Change management for graph databases?

Objectivity/DB is an object-oriented/graph database that has a feature call "Schema Evolution". This feature allows you to create your schema, load data, change the schema, and load more data. You can change the schema as many times as you'd like. We've had customers that have deploy operational systems and have changed their schema hundreds of times without having to reload data.

The Schema Evolution feature uses the concept of schema "shapes" where each shape is stored in the schema catalog and each object has a shape id. When an object is read from disk, the shape id is used to lookup the schema shape from the catalog. Then, if the catalog shape is not the "latest" shape for that schema type, the actual object data is "evolved" on the fly to match the newest shape for that object type. This allows operational system to not have to reload petabyte-scale databases just because someone wants an extra attribute.

There are many types of schema changes that are allowed, adding, removing, re-typing attributes, but there are a few schema changes that are not allowed because they would be functionally destructive to the data and/or schema.

Disclaimer: I am employed by Objectivity, Inc.


Pramod Sadalage and Martin Fowler's influential article from 2003 on Evolutionary Database Design had a big impact on how I approached managing schema changes in a database. I went on to use DbDeploy and DbDeploy.net in Java and .NET ecosystems, and now use ActiveRecord migrations. If you find liquibase interesting, I recommend taking a look at these tools.

The Neo4j.rb documentation discusses these kinds of migrations against Neo4j.
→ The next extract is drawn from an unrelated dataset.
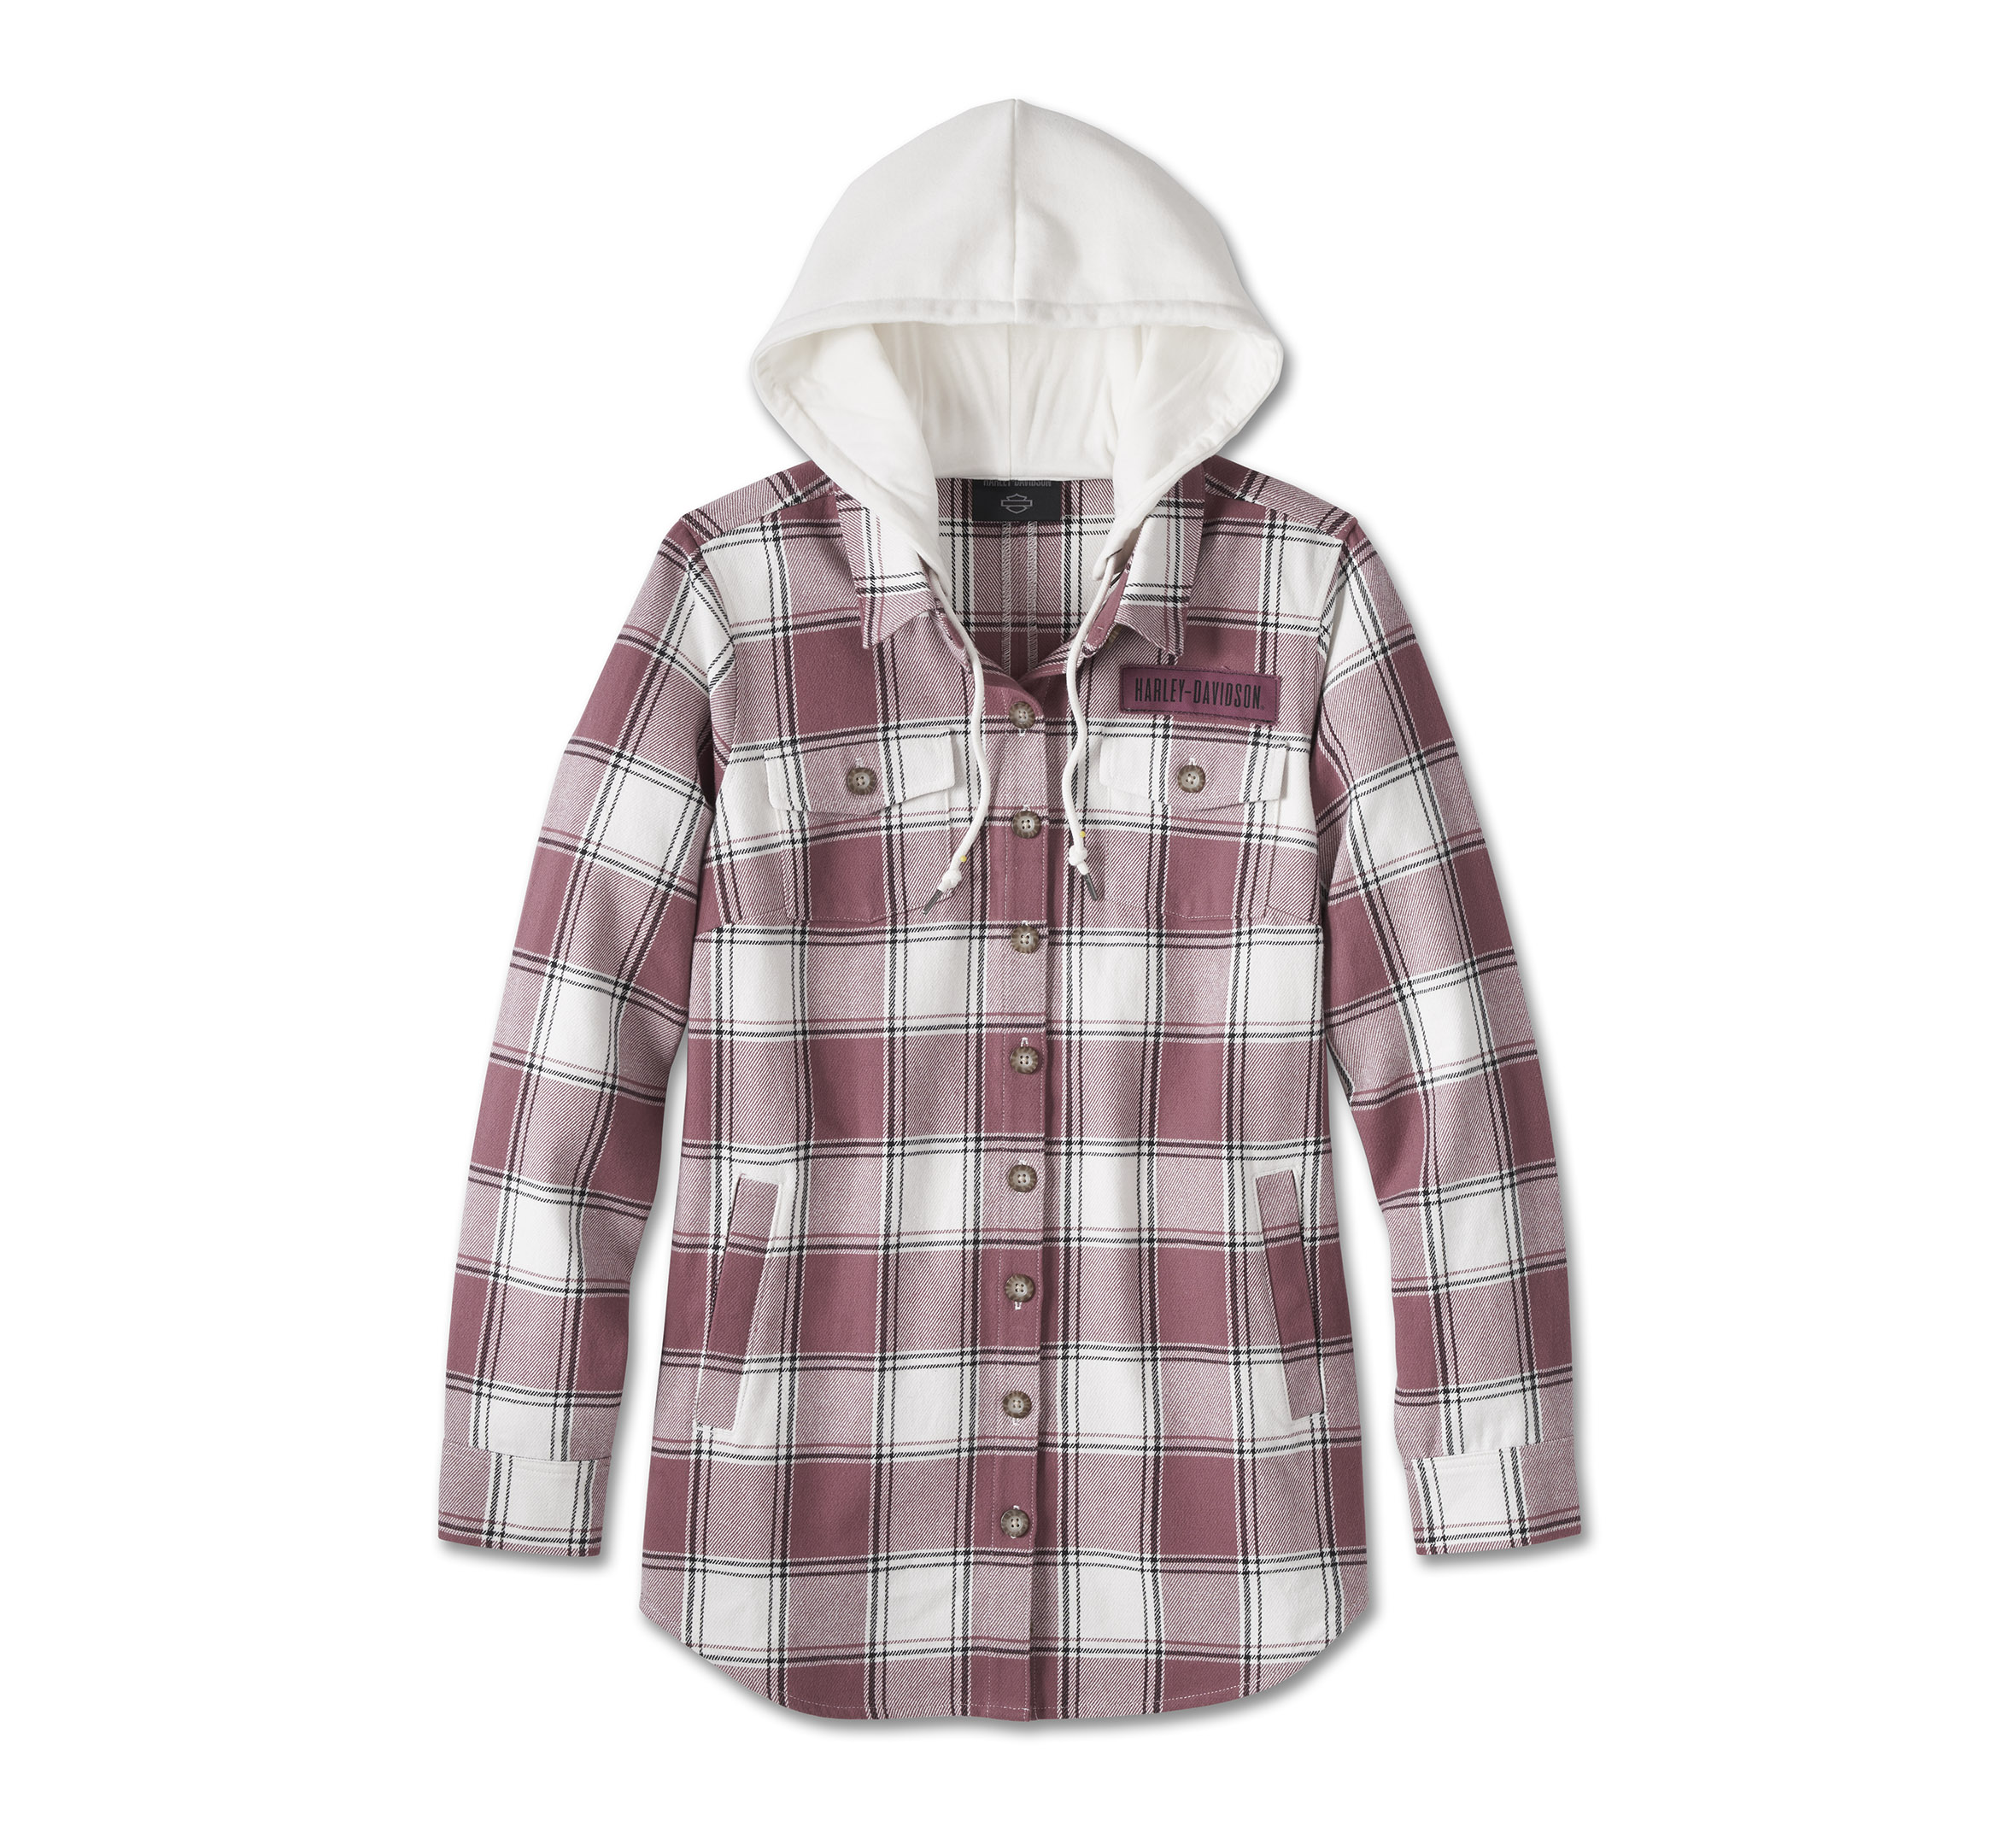 Women's Thrill Seeker Tunic with Removable Hood - YD Plaid - Crushed Berry

I personally haven't used a tool to manage migrations in Neo4j, but I've written migration scripts that have done things like rename properties, change edge labels, or create indexes. As an example use case, here's a snippet from a Gremlin Groovy script I used to remap some foreign keys stored in a Neo4j graph and update an index:

try {
  projects.each { node ->
    old_id = node.ref_id
    new_id = old_to_new_ids[old_id]
    index.remove('project', old_id, node)
    node.ref_id = new_id
    index.put('project', new_id, node)
  }
} catch (Throwable e) {
  println(e)
} finally {
  g.shutdown()
}

As of Neo4j version 1.8, there is a PropertyContainer that can be used for graph metadata. It would be simple to use this container to update a 'schema_version' property. The code would look something like:

EmbeddedGraphDatabase db = new EmbeddedGraphDatabase(dbFilename);        
Transaction tx = db.beginTx();
PropertyContainer properties = db.getNodeManager().getGraphProperties();
properties.setProperty("schema_version", 3);
tx.success();
tx.finish();

Personally, I would be more interested in something based on TinkerPop APIs. I think this API is supported by multiple different databases, that's what it is designed for. I'd prefer to be able to define my vertex labels, edge labels, properties, indexes etc - not trying to align with a (great) technology that is designed for the relational databases.


Liquigraph exists now and although still quite new, the author is very receptive to feedback and is actively working on the project.